NBA executives aren't perfect individuals, but us sports fans expect them to be. Sports fans have been known to hold grudges, and many fans will never forgive errant draft selections. The focus of this entry will be the 5 worst draft picks from 2002-2006.
( A slight editorial note I'm operating from the '02 draft to the '06 draft. We haven't seen enough from the 2007, 2008, and 2009 drafts to judge those guys. Judging players who have been in the NBA for four years is surely fair game right?) My goal is to focus on how each pick affected the organization's growth and development, in the short and long term.
5. 2005: Atlanta- Marvin Williams
Who are Deron Williams and Chris Paul? Two guys the Hawks should have seriously considered picking in '05. With Tyronn Lue and Royal Ivey running the point, Atlanta was desperate for a playmaking, floor general. Williams has been a solid contributer, and a part-time 4-year starter, but he is nowhere near the kind of talent that Chris Paul and Deron Williams are. The Hawks were impressed by his versatility and upside, but he has not produced like a No. 2 pick should in my opinion. In the short term Mike Bibby is a solid option for the Hawks, but with Bibby aging into his 30's the Hawks will wish they had a star PG for the future.
4. 2002: Golden State- Mike Dunleavy, Jr.
Dunleavy was the golden boy for the Duke Blue Devils during his 3 year career in Durham. He won a national title and was a First Team All-American at Duke. Hyped as the most versatile player in the NBA Draft, it's too bad he didn't have the same impact for the Golden State Warriors. Dunleavy provided some solid contributions for the Warriors, but never lived up to his hype or "potential" in his 4 years there. With Caron Butler being the next best Small Forward in the draft, the Warriors wish they could have this pick back. With a scorer and star like Butler on the team, Golden State could've expected a much more stable franchise.
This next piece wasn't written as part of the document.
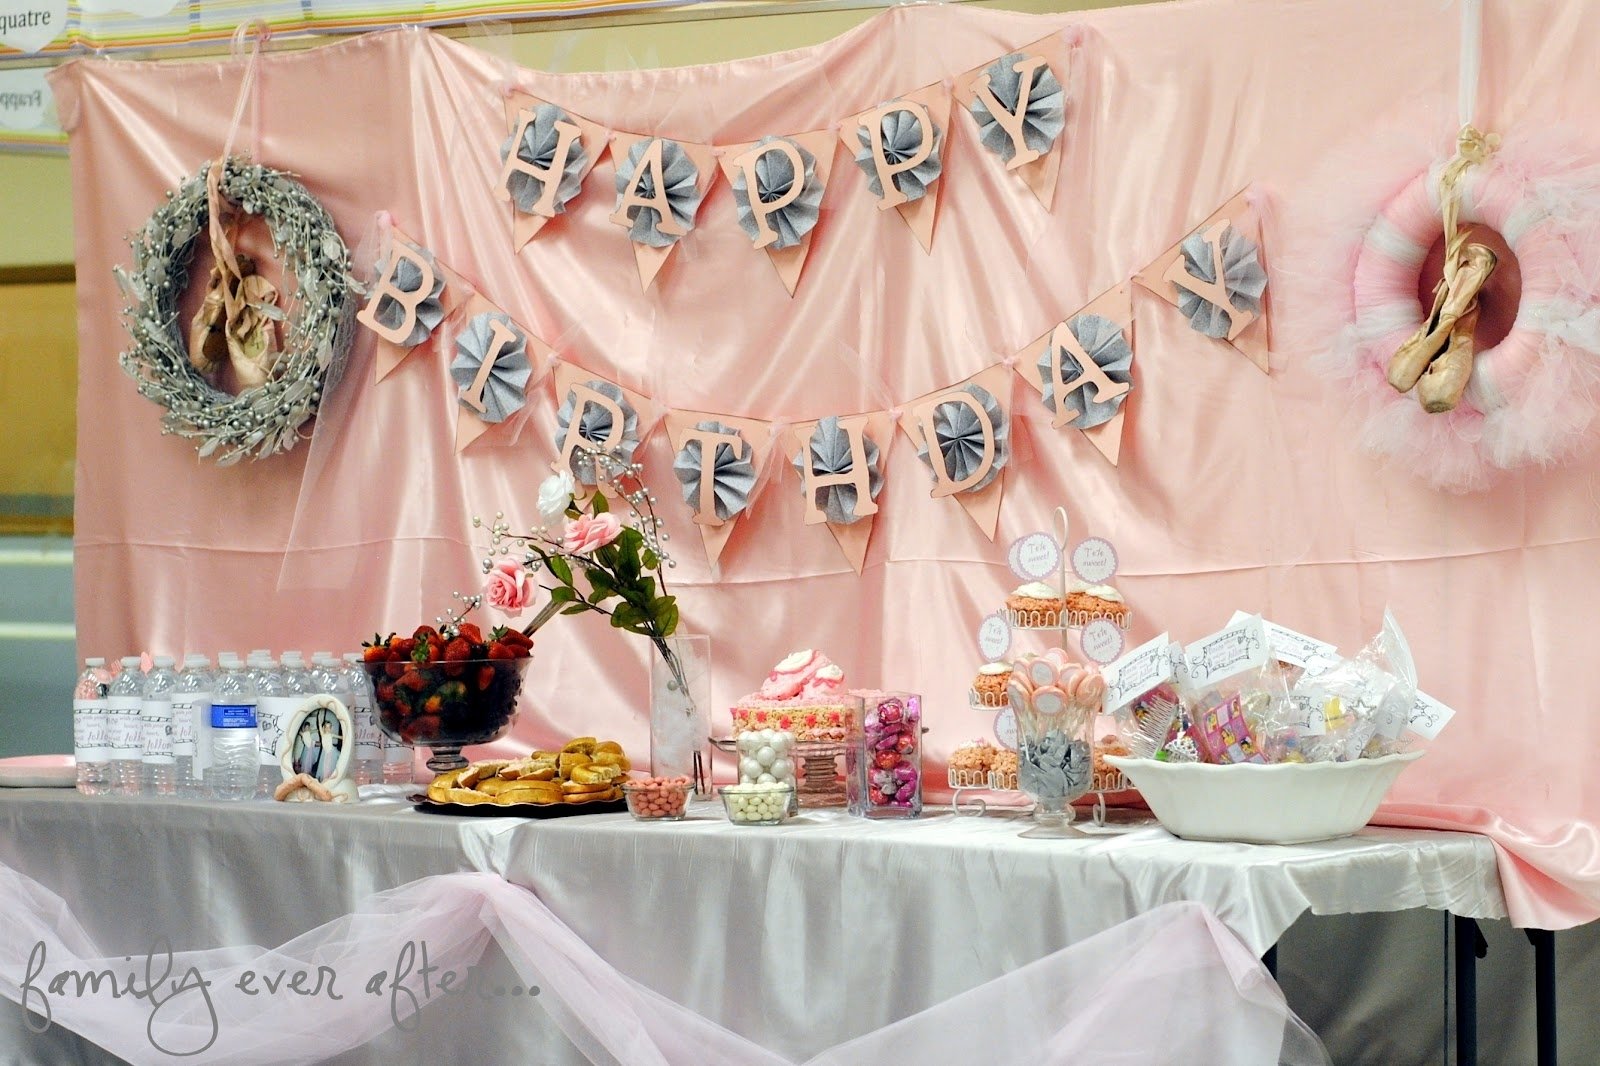 10 Trendy Ideas For Girls Birthday Parties 50 birthday party themes for girls i heart nap time 54 2022

3. 2006: Charlotte- Adam Morrison
Another player hyped up because of a fantastic final college season (Co-Player of the Year) and "versatile" basketball skills. Not to knock Morrison, but his play has severely diminished since his rookie season. Injuries have kept him from producing at a solid level since his 11.8 PPG rookie campaign. With the Bobcats passing on Brandon Roy, they passed on a perennial All-Star with elite scoring capabilities. The Bobcats' front office certainly has to wish that they could have this pick back, as Morrison is no longer with the team. Roy would be the centerpiece of a team that cannot seem to set anything in stone.
2. 2002: Denver- Nikoloz Tskitishvili
The classic case of an athletic big man with a good body and a good jump shot. The Nuggets bit on his versatility and "upside potential" when picking Tskitishvili. With the chance to pick up a much more sure thing in Nene or Chris Wilcox, the Nuggets truly messed up. (Thankfully for the Nuggets they ended up with Nene eventually.) If they had gone for the best available player, but taken a flyer on potential "maturity issues" in Amare Stoudamire, they would have hit a home run. He would have been an instant success in the Nuggets system, and he has already established himself as one of the League's most dominant big men. This is a classic case of taking a chance on something with the potential to be great and passing on something that already is.
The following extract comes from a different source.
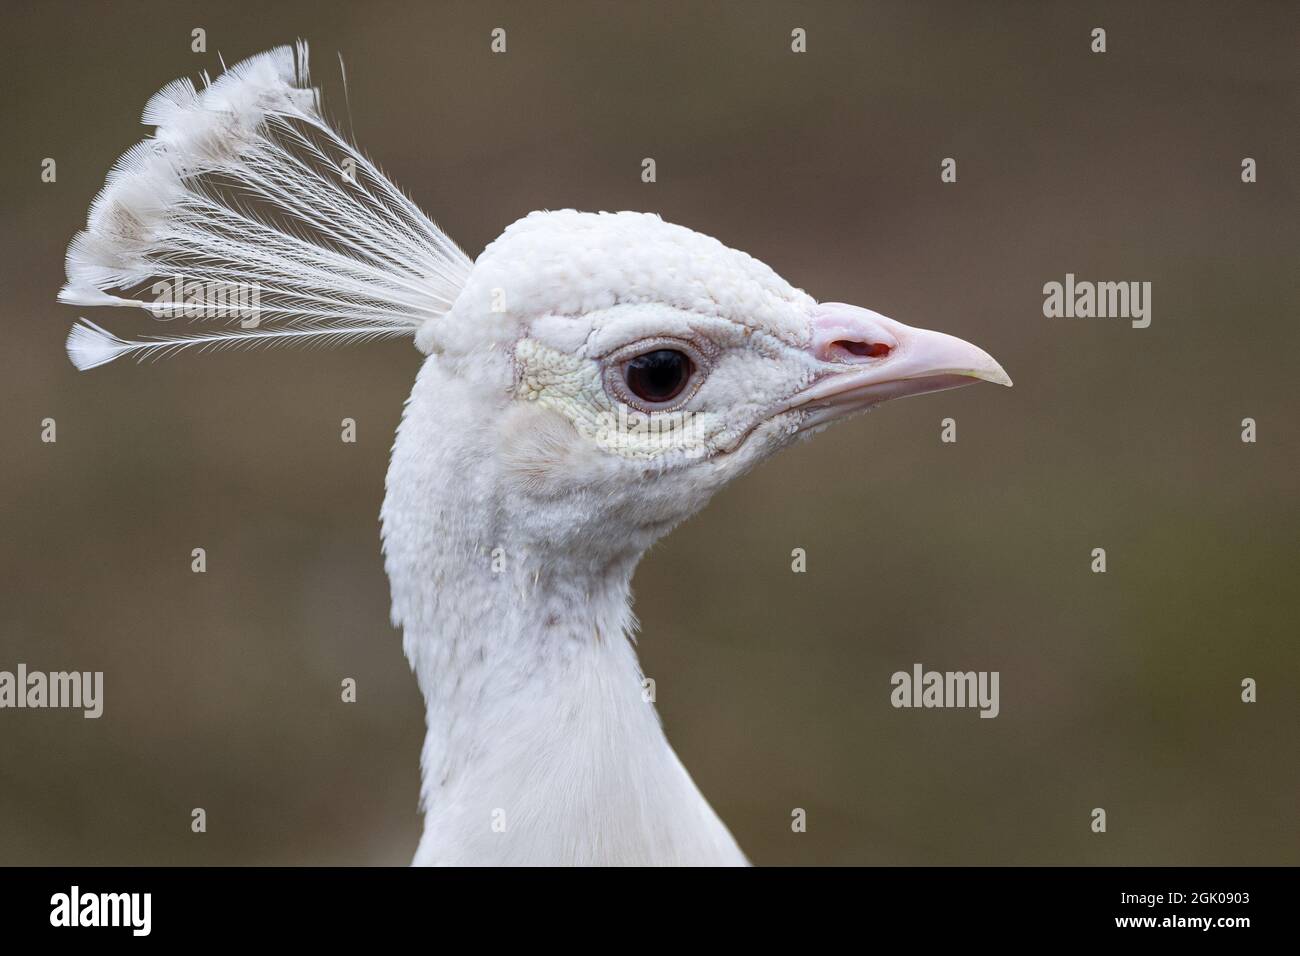 Portrait of a white peacock. Stock Photo

1. 2003: Detroit- Darko Milicic
This is another case of the skilled, athletic, and versatile Euro big man being overvalued. Darko was viewed as a player for the future on an already stacked team. The first thought is "Why did they not draft Carmello Anthony or Dwyane Wade?", but truth be told, they would not have fit the Pistons need system at that time. The Pistons needed a solid big man who could produce down low, not a perimeter scorer. Taking Chris Bosh, a perennial All-Star, would have solidified the Pistons' front court and added a great shot blocker and rebounder. They also could have opted to draft Anthony or Wade and used them as trade bait. Even though the Pistons went on to win an NBA Title the following year, Bosh would have further solidified an already solid team, and set them on a steady course for the future. By drinking the proverbial Kool-Aid, the Pistons have left themselves with a struggling franchise. This pick combined with the aging and departure of their core players, has left Detroit scattering to put together a solid team for the future.
To Sum It All Up
In short, many teams have bit on the bait of taking tall "skilled" and "versatile" players with "high upside", instead of going for consistent contributers.